A text file containing stopwords is loaded from the file system. The file is read into the script and converted into a list. Additional stopwords, punctuation marks, or special characters can be added to the list as needed.
# Load a list of danish stopwords from a text file
sw_file = 'adl_dataset_stopwords.txt'
with open(sw_file, 'r', encoding='utf-8') as f:
stop_words = f.read().split()
# Add additional stopwords
stop_words.extend(['_', '/', "'"])
# Define a function to remove stopwords from the text
def remove_stopwords(clean_text):
# Change text to wordlist
tokens = clean_text.split()
tokens_wo_stopwords = [i for i in tokens if i.lower() not in stop_words]
clean_text_wo_stopwords = ' '.join(tokens_wo_stopwords)
return clean_text_wo_stopwords
# Apply the stopword removal function
df['clean_text_wo_stopwords'] = df['clean_text'].apply( lambda x : remove_stopwords(x))
Collocation#
This section performs collocation analysis to identify words that frequently appear near specific keywords in the corpus. Collocations are words that tend to co-occur with your target keywords, and it is a helpfull method to reveal semantic patterns, themes, and linguistic relationships in the text.
# Define keywords for collocation analysis
keywords = ['fader', 'moder', 'barn']
in_data_list = ' '.join(df['clean_text_wo_stopwords']).split()

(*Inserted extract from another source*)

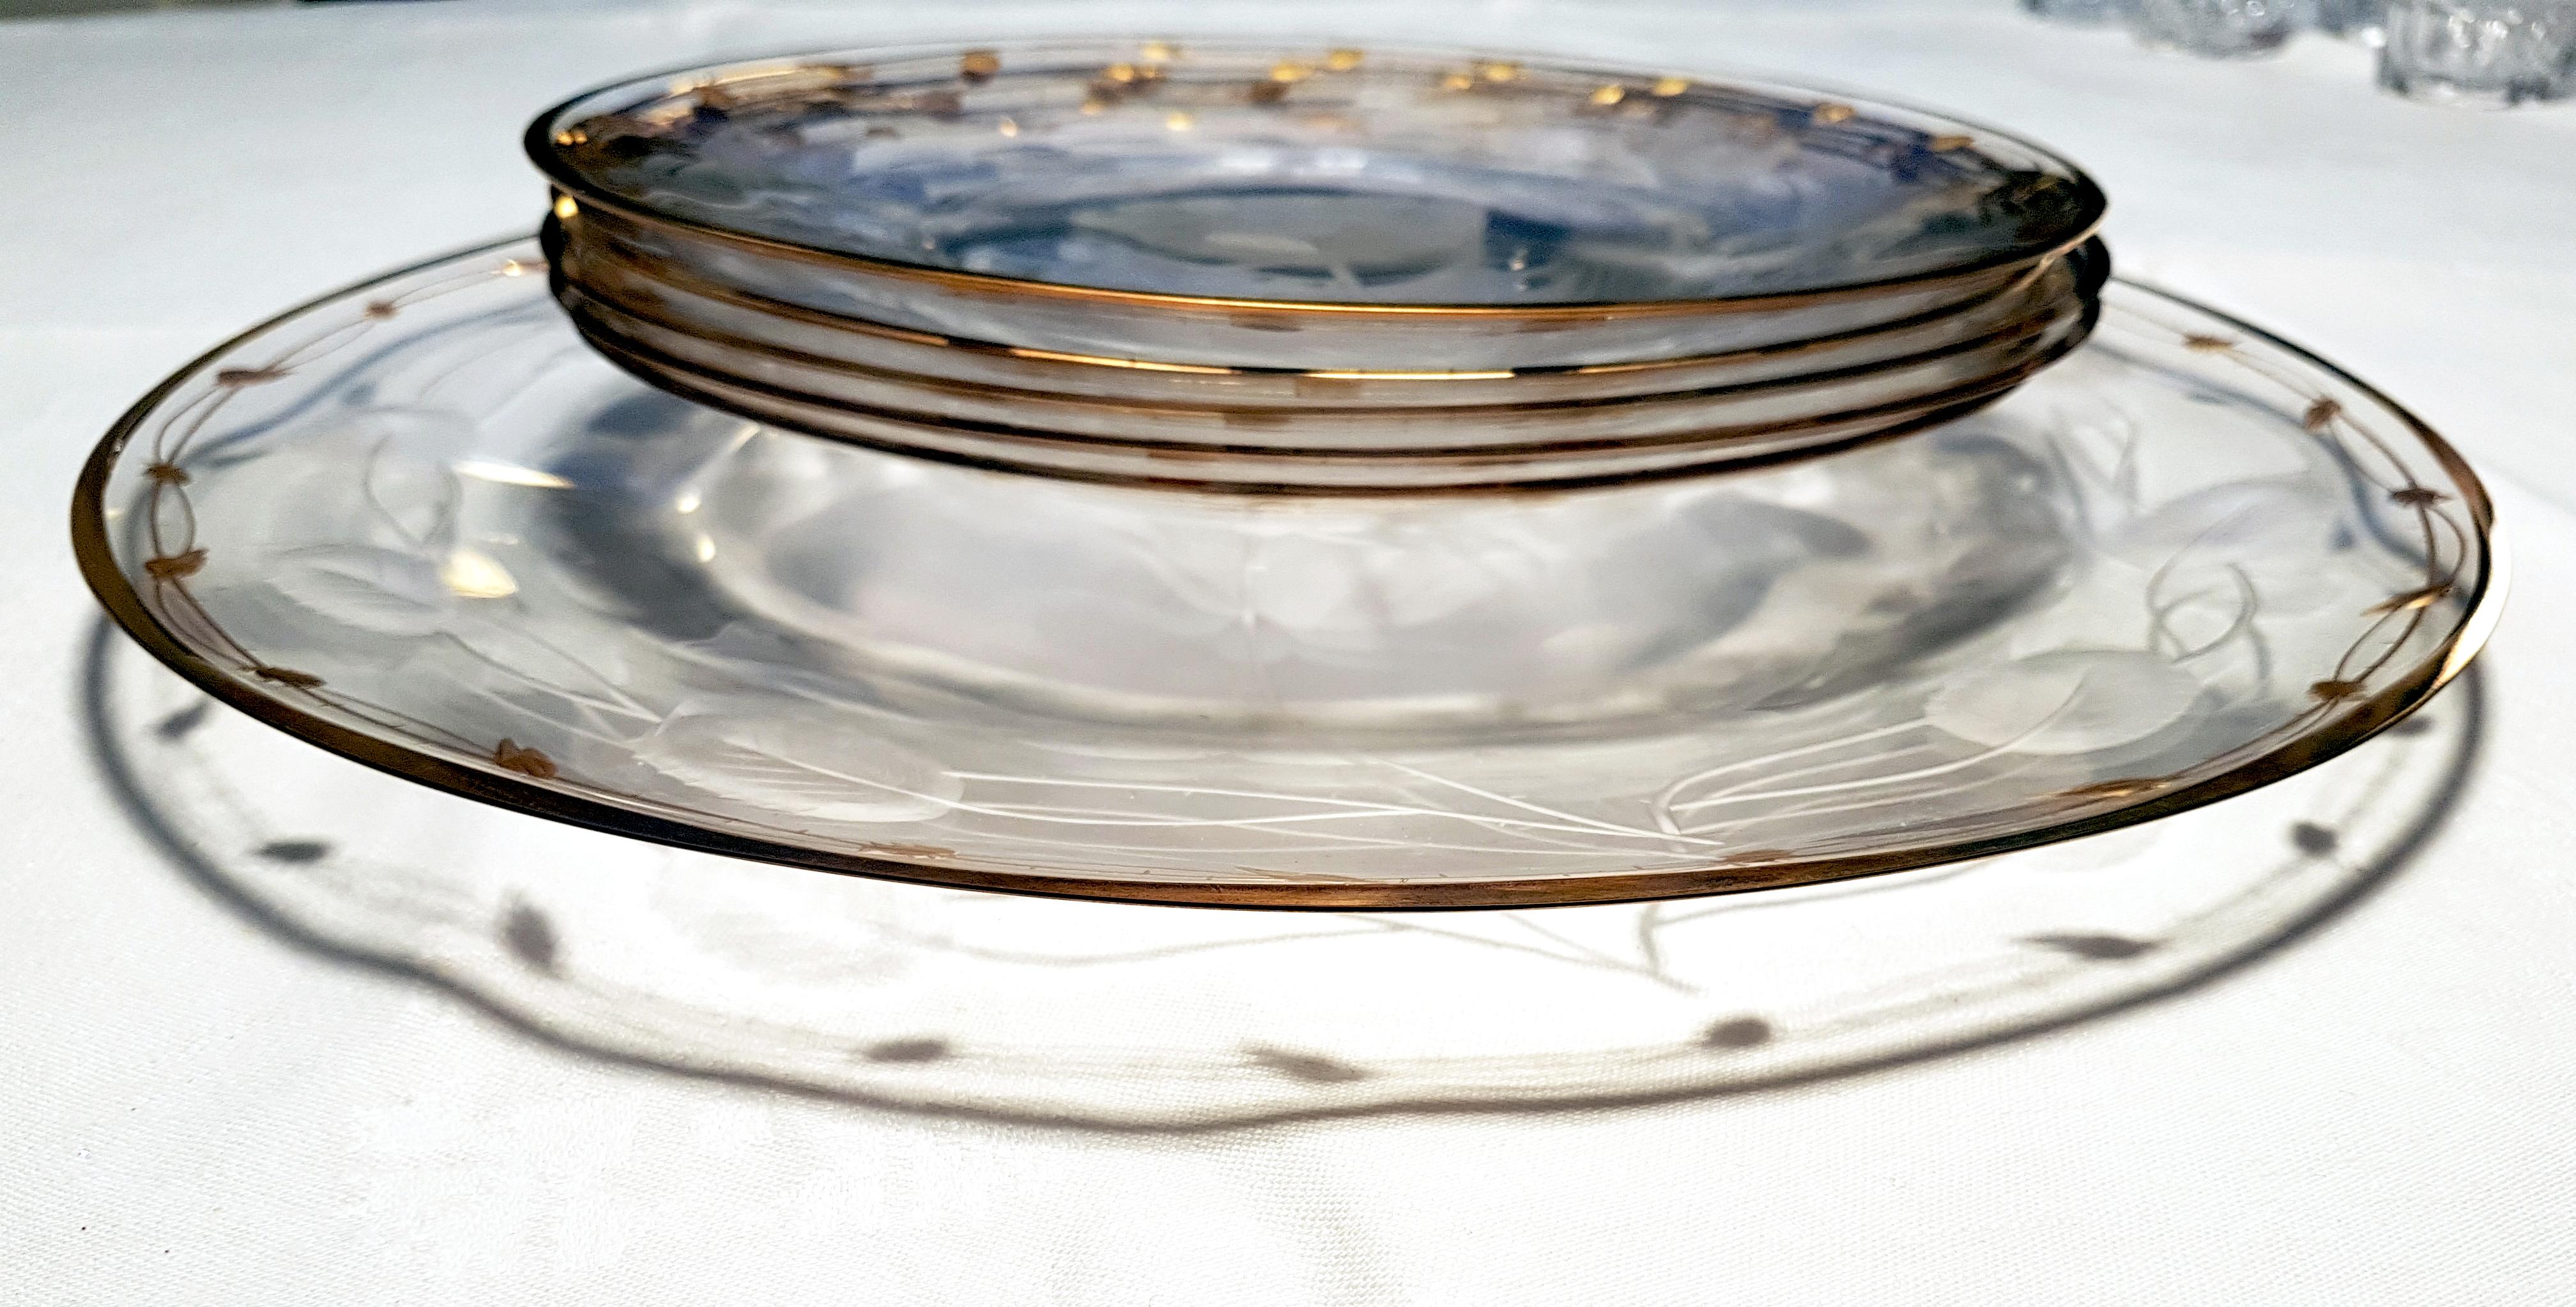 Serving Plate Art Nouveau Hand Blown, Engraved, Gilded Rose 'Paula' by Moser 1

# Initialize a dictionary to count keyword proximities
keyword_proximity_counts = {keyword: Counter() for keyword in keywords}
window_size = 10
# Count the proximity of words around each keyword
for i, token in enumerate(in_data_list):
if token in keywords:
# Define the window around the keyword
start = max(0, i - window_size)
end = min(len(in_data_list), i + window_size + 1)
# Count terms in the window, excluding the keyword itself
for j in range(start, end):
if j != i:
keyword_proximity_counts[token][in_data_list[j]] += 1
# Filter out terms with low counts
filtered_keyword_proximity_counts = {
keyword: Counter({term: count for term, count in counts.items() if count >= 80})
for keyword, counts in keyword_proximity_counts.items()}
Visualise the collocations#
The content of the variable filtered_keyword_proximity_counts shows the different keywords together with their collocations. These collocations are the results after stopwords have been removed and a window size of 10 has been defined. To make the data easier to interpret, matplotlib is used to visualise the collocations with bar plots.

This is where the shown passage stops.